Seth Freedman
The Guardian (Opinion)
April 12, 2010 - 12:00am

The beauty of Israel's economy is in the eye of the beholder: some sceptics routinely sound the death knell for the country's finances, while their optimistic opponents claim the state's coffers have never been in ruder health. Last week, traders and investment funds delivered a resoundingly clear verdict in the latter camp's favour, driving the benchmark TA-25 index to an all-time high.

The TA-25 has now more than doubled since November 2008, when the global credit crisis was at its height. While the rebound on the Israeli exchange is in line with a general trend of recovery on bourses around the world, what sets Israel apart from its peers is the minimal effect the credit crunch had on the state's economy.

Thanks to a culture of low risk-taking among Israel bankers and investors, both individuals and institutions were far less exposed to asset bubbles and speculative purchases than their counterparts in other developed countries. Consequently, no bailouts were required of Israeli banks, nor did the economy implode in anything like as spectacular a fashion as occurred in the US, the UK and mainland Europe.

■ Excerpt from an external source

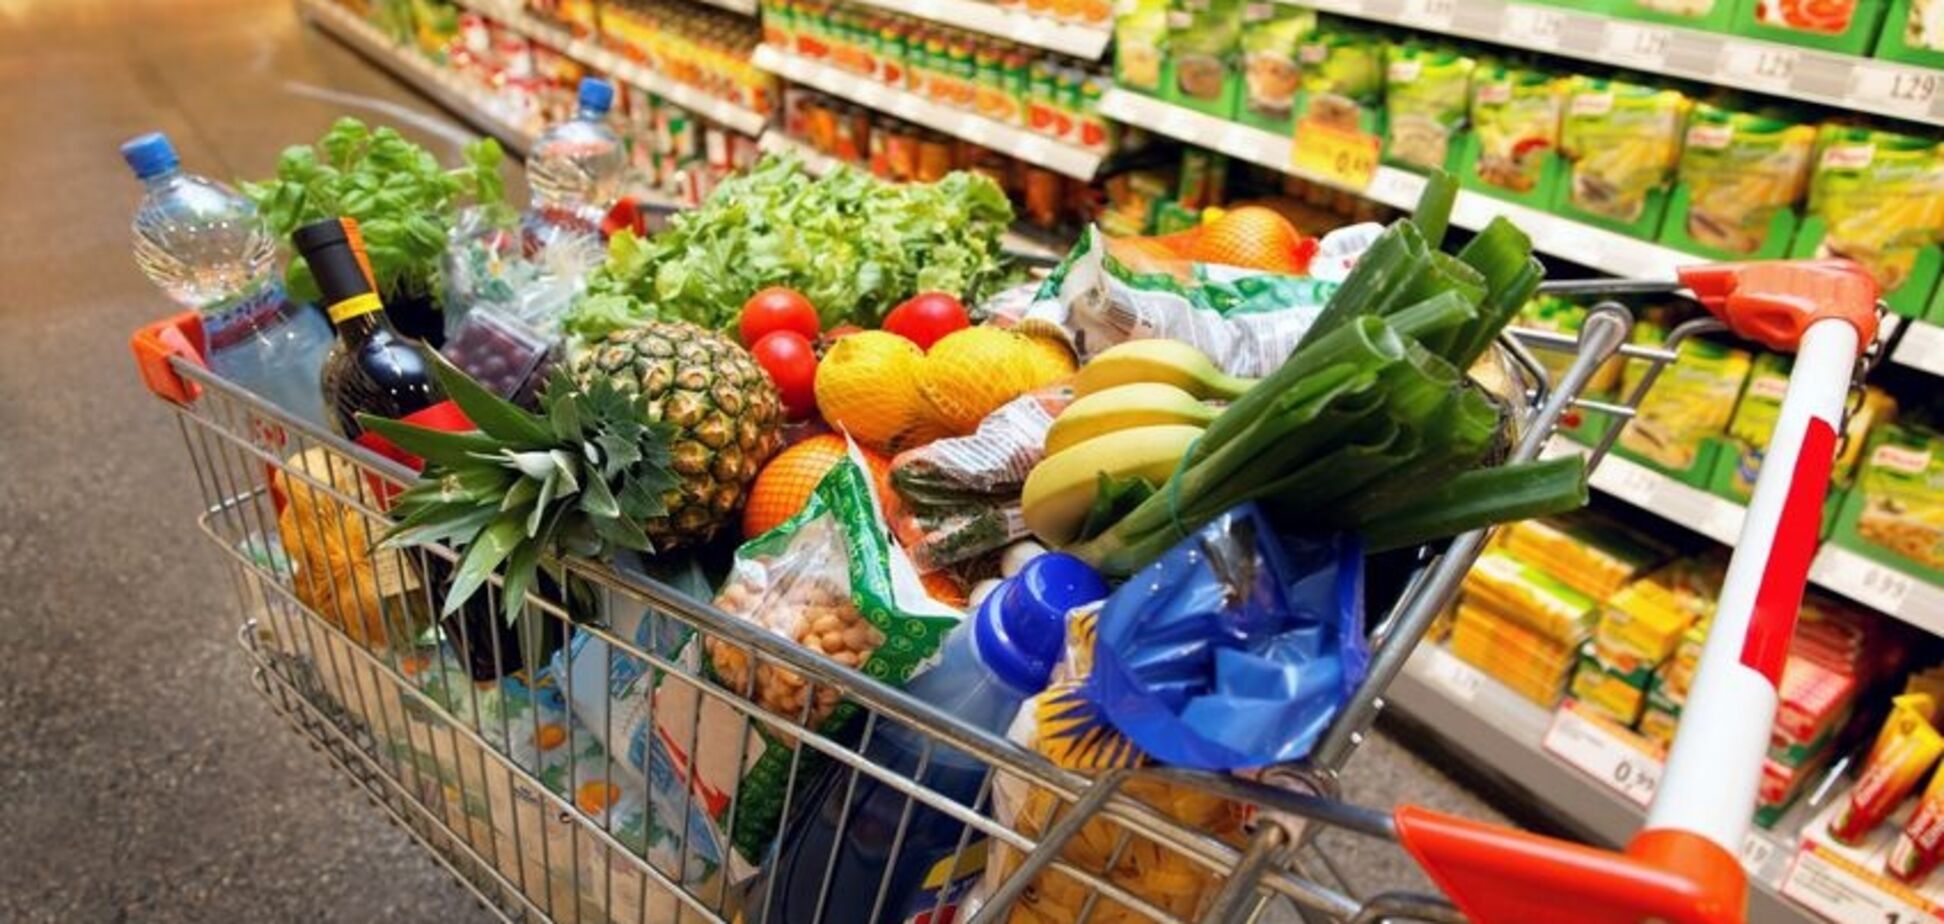 Больше гречки, меньше овощей: на что хватит зарплаты украинцев

The still-booming hi-tech and pharmaceutical sectors also helped the Israeli economy ride out the storm, contributing to the reaching of the latest financial milestone being predicted by economists: a per capita GDP of $30,000, up from $20,000 less than a decade earlier.

Foreign investors continue to pour money into Israel, buoyed by the stellar performance of its stock market as well as unwavering confidence in the stewardship of those at the helm of the finance ministry. The Bank of Israel governor, Stanley Fischer, has been widely praised for his role in keeping the economy afloat, as was Binyamin Netanyahu during his spell as minister of finance.

However, pressure is now mounting on Netanyahu in his current incarnation as prime minister, with calls emanating from a variety of quarters urging him to strike a peace deal with the Palestinians for the sake of Israel's economy as much as Israeli society as a whole.

Fischer believes the country could see growth of almost 7% per year if the conflict with the Palestinians was resolved, which – set against current levels of around 3% – provides a massive financial incentive to sign a final-status agreement. But far more pressing are the consequences of not reaching a lasting accord with the Palestinians in terms of the Iranian problem.

In the absence of an Israeli-Palestinian peace deal, Israel will have far less leverage to persuade the world to halt Iran's drive towards developing nuclear weapons, and the spectre of an Iranian attack on Israeli soil would see investors flee Israel in droves. On top of such an outflow of foreign money, Israel would need to spend a fortune on defence and to bolster its own nuclear weapons arsenal, which would deal a crippling blow to the state's finances.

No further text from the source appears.